La Center proclaimed May as Jewish American Heritage Month at its April 26 meeting, focusing specifically on antisemitism around the country, but the issue for some residents hits closer to home.
A house bearing Nazi imagery in the city has concerned some of the city’s inhabitants.
The proclamation defined antisemitism as “an evil that threatens not only people who subscribe to the Jewish faith, but all people, no matter their creed or background.”
“The City of La Center and city officials stand against all forms of racism, prejudice, bigotry and hate, including antisemitism,” then Mayor Elizabeth Cerveny stated in the proclamation.
The proclamation came after citizens voiced concern at a March 22 council meeting about a house in La Center that featured spray-painted swastikas and a “Reichskriegsflagge,” or a German Imperial war flag, with the symbol on a flagpole.
During the March meeting, community member Emily Hancock said she represented a number of citizens who were concerned about the house.

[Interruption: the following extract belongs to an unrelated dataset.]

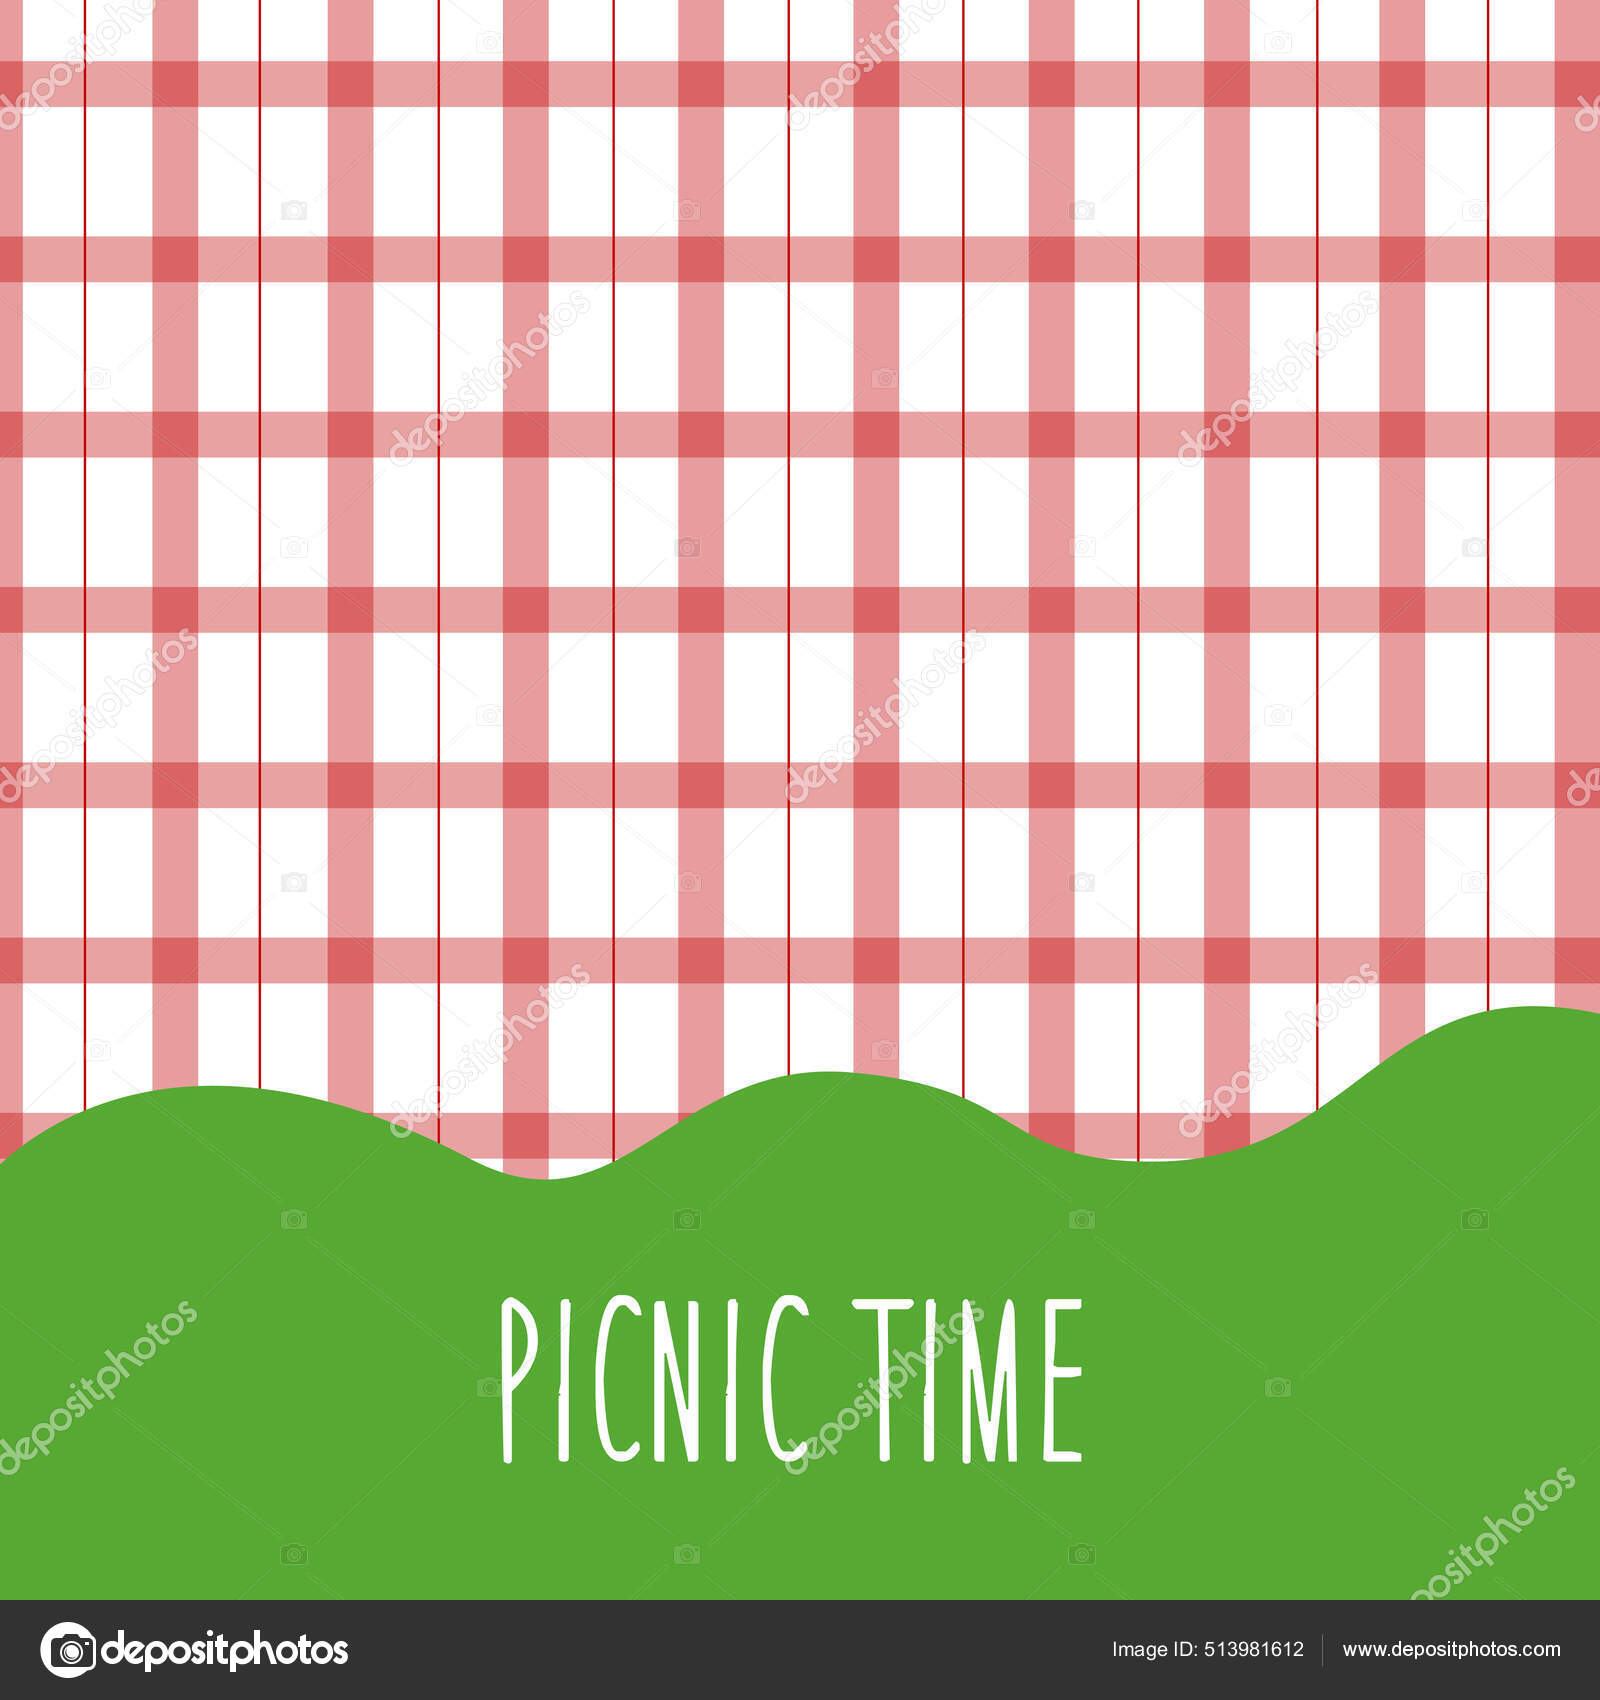 Picnic Time Vector Illustration Background Banner Flyer Stock Vector Image  by ©VBrand #513981612

Hancock said she believed law enforcement was called to the property multiple times, but they did not take any action, “citing free speech.”

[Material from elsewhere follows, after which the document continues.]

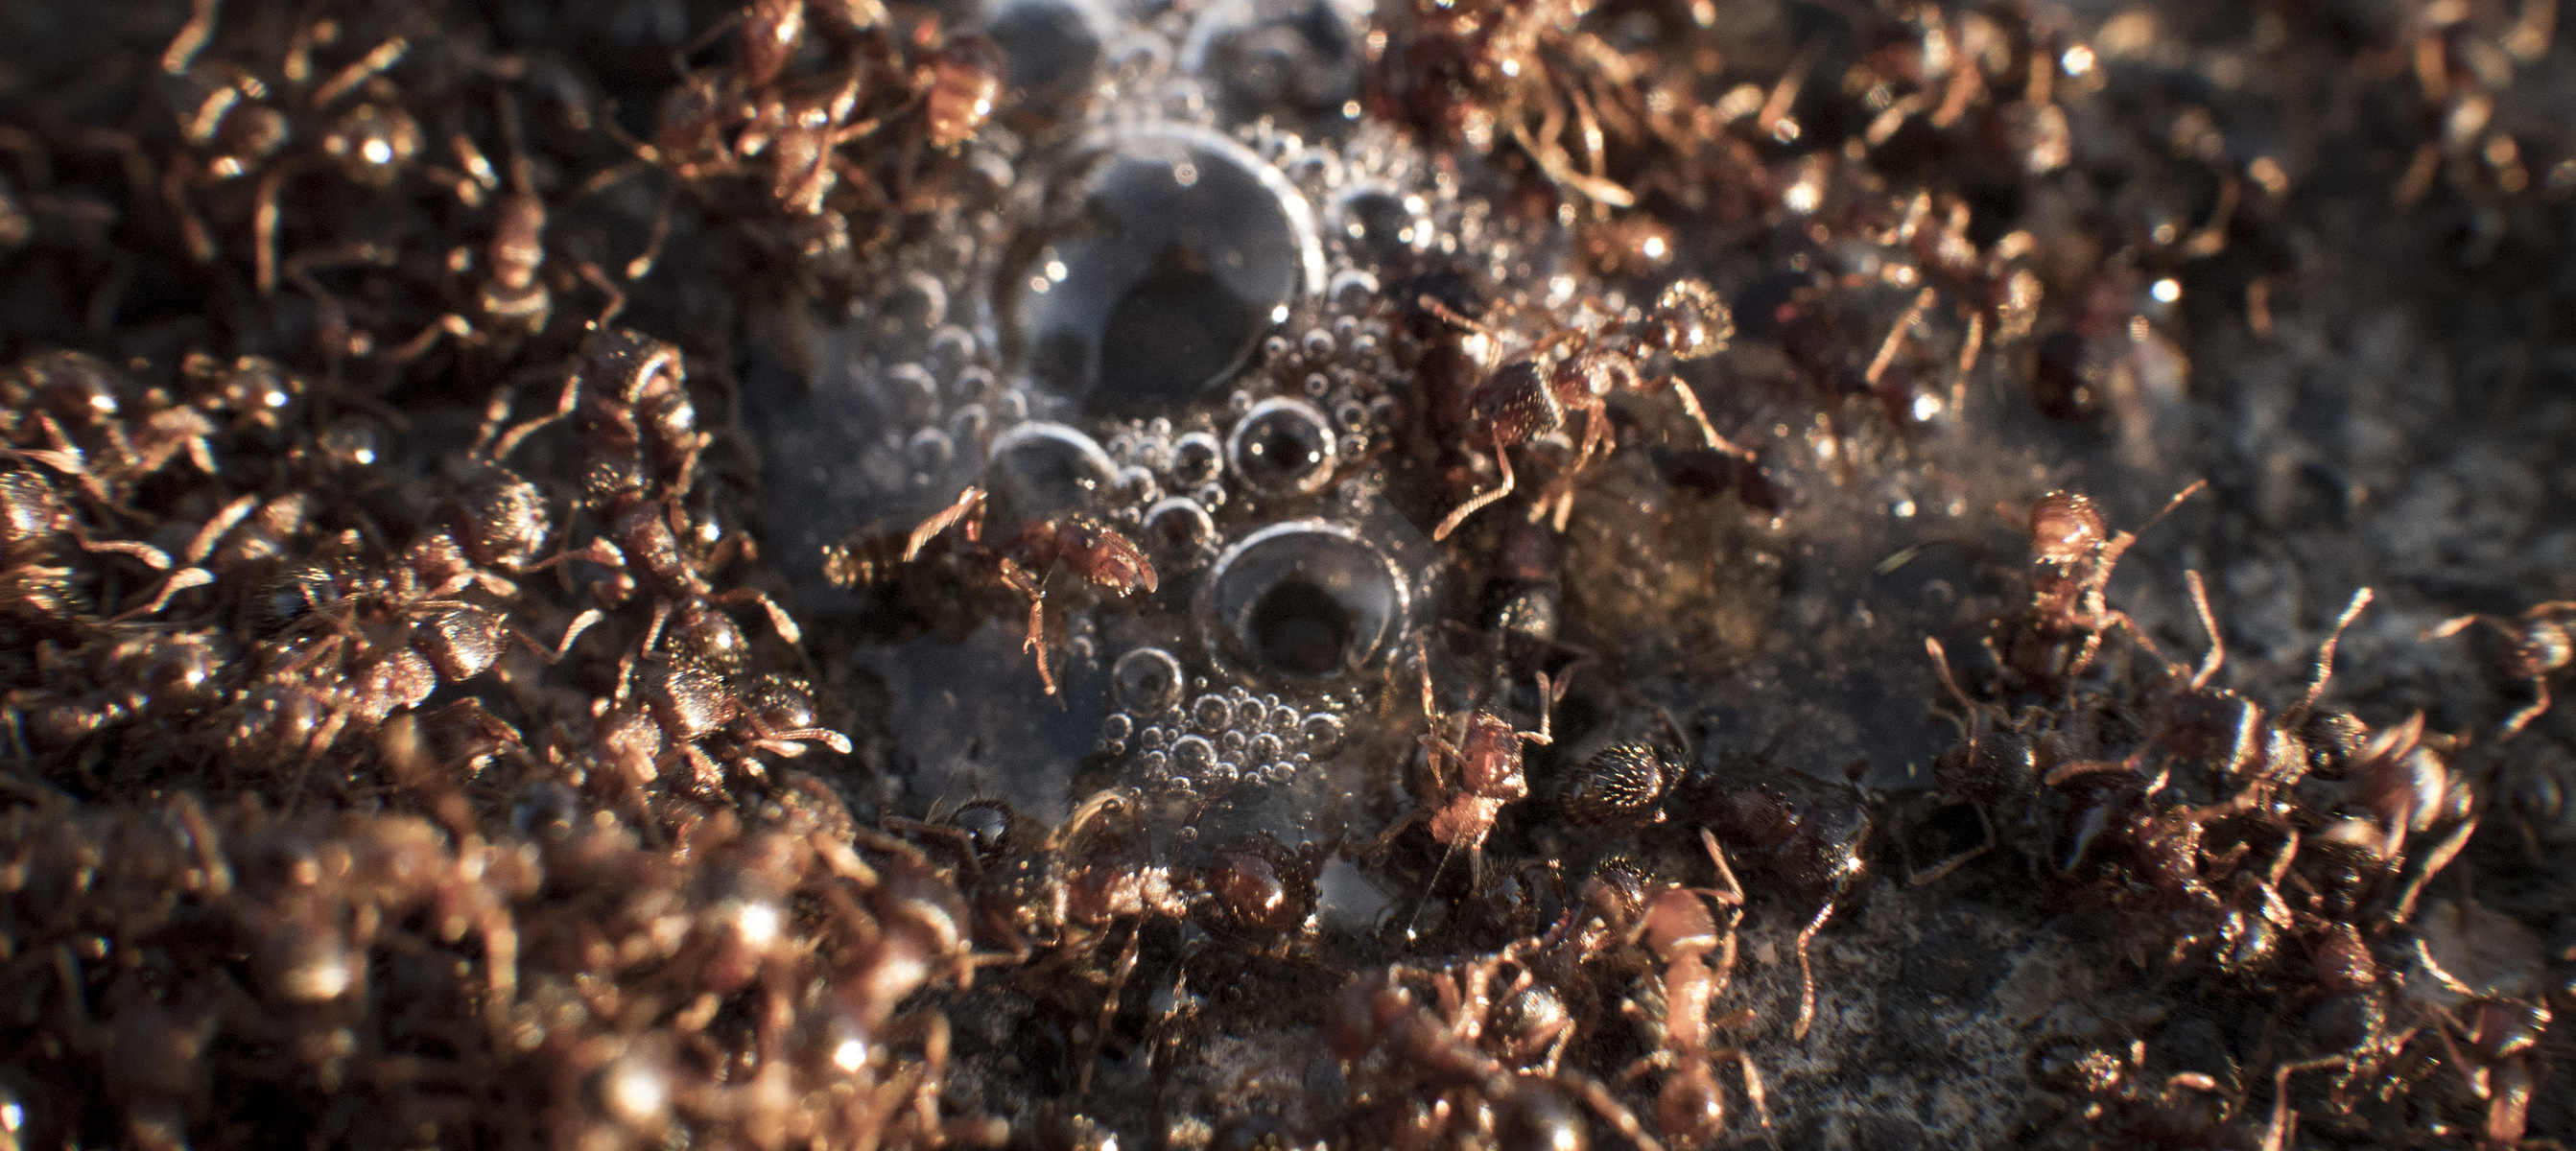 ant battle

Although being able to fly the flag with a swastika does fall under free speech, Hancock said the spray-painting of the house appeared to go against city code.

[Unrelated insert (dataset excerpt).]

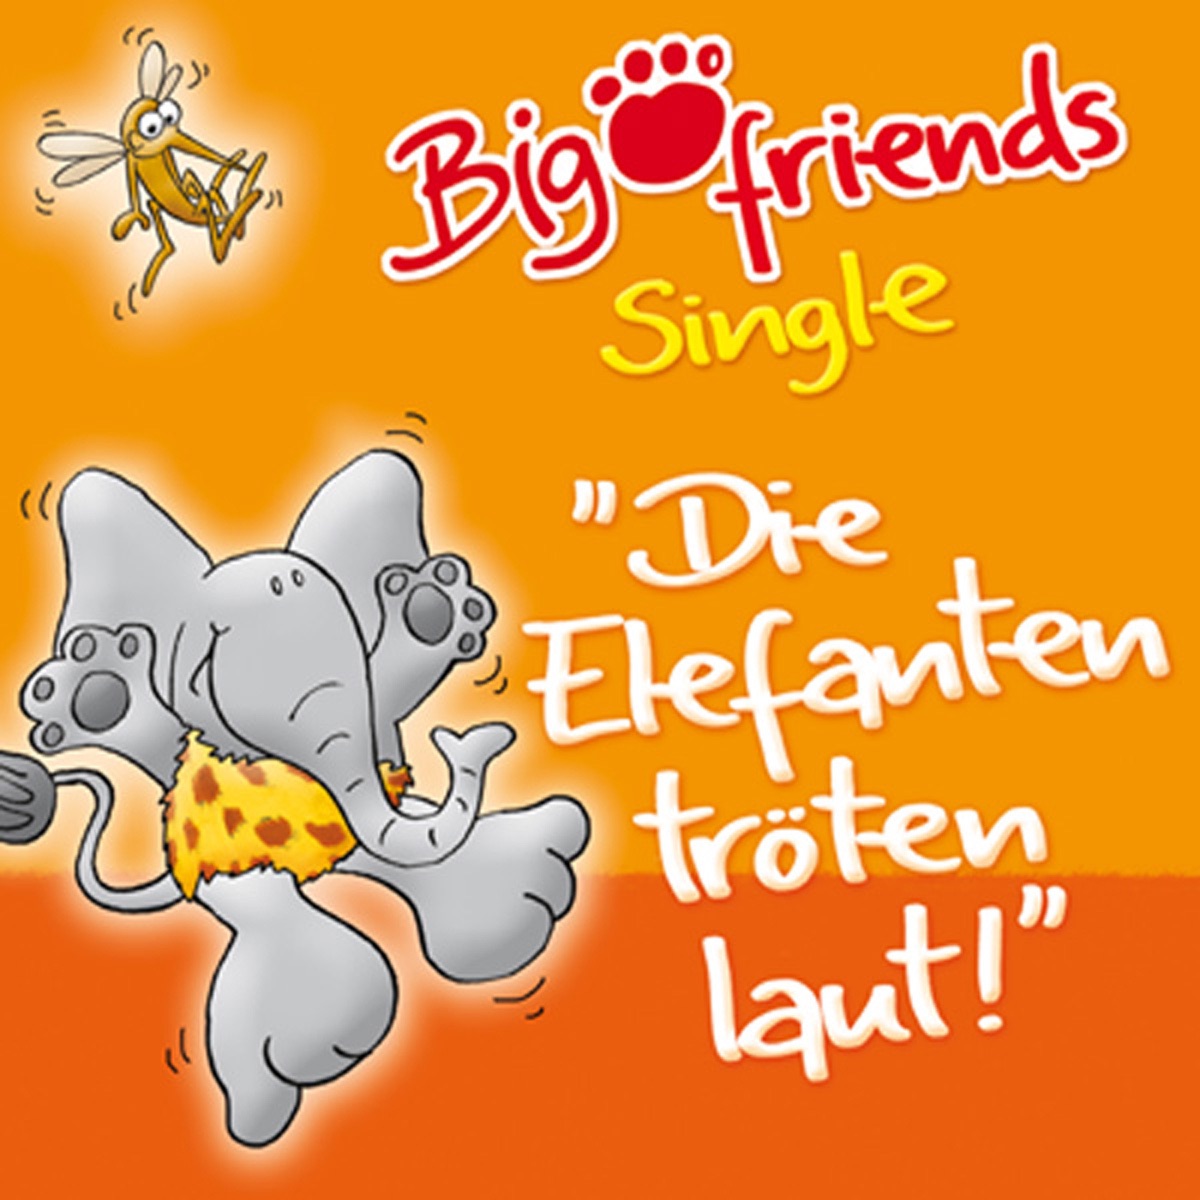 Die Elefanten tröten laut! - Single - Album by Big Foot Friends - Apple  Music

Apart from code violations, Hancock said the greater issue is the city was aware of the issue, but had done nothing about it. She added there was a sentiment from community members that inaction from the city could be construed as tacit acceptance of the antisemitic nature of the display.
“We hope that you prove to us this is not the case, but if that is what’s happening here we will ensure that citizens are made aware of what our local government stands for, and will continue our activism until an appropriate resolution for this matter can be reached,” Hancock said.
City Attorney Bronson Potter acknowledged the symbols on the property were “despicable … disgusting,” but he advised the city not to take action. Potter pointed to a number of cases in both the United States and Washington Supreme Courts.
“You can’t regulate speech based on the content of the speech. That’s a violation of the First Amendment,” Potter said. “Even though we don’t like your speech, we can’t regulate it just because we don’t like it, because then whatever speech are we going to say you can’t engage in?”
Because taking action was “clearly content driven,” Potter said, “you’re just going to be setting yourself up for a civil lawsuit, liability, in doing so.”
Potter said graffiti isn’t explicitly defined in city code, but noted in other municipalities it is defined as marking public property or that of another property owner. Graffiti doesn’t apply to an individual marking their own property.
“We could not show evidence of this speech causing fights. … It has to be really, not just hurt feelings or hurt viewpoints or hurt values, it’s got to be physical harm in order to justify the regulation,” Potter said.
Bill Soehl, the son of the property owner, said the issue stemmed from frustrations his father had. Soehl said the placement of a new sidewalk in front of his father’s house made the driveway unusable.
When his father did not receive a favorable resolution, he went for publicity.
“Apparently he’s being heard now, and it’s being taken in, all out of context and in the wrong way,” Soehl said.
He said if the city could get the public works department to resolve the issue, “I’m sure this (problem) would all go away.”
Cerveny and the city’s public works Director Bryan Kast met with the elder Soehl to try to find a resolution.
“There’s much more behind the scenes than any of us really recognized,” Cerveny said.
That resolution is still ongoing, she said.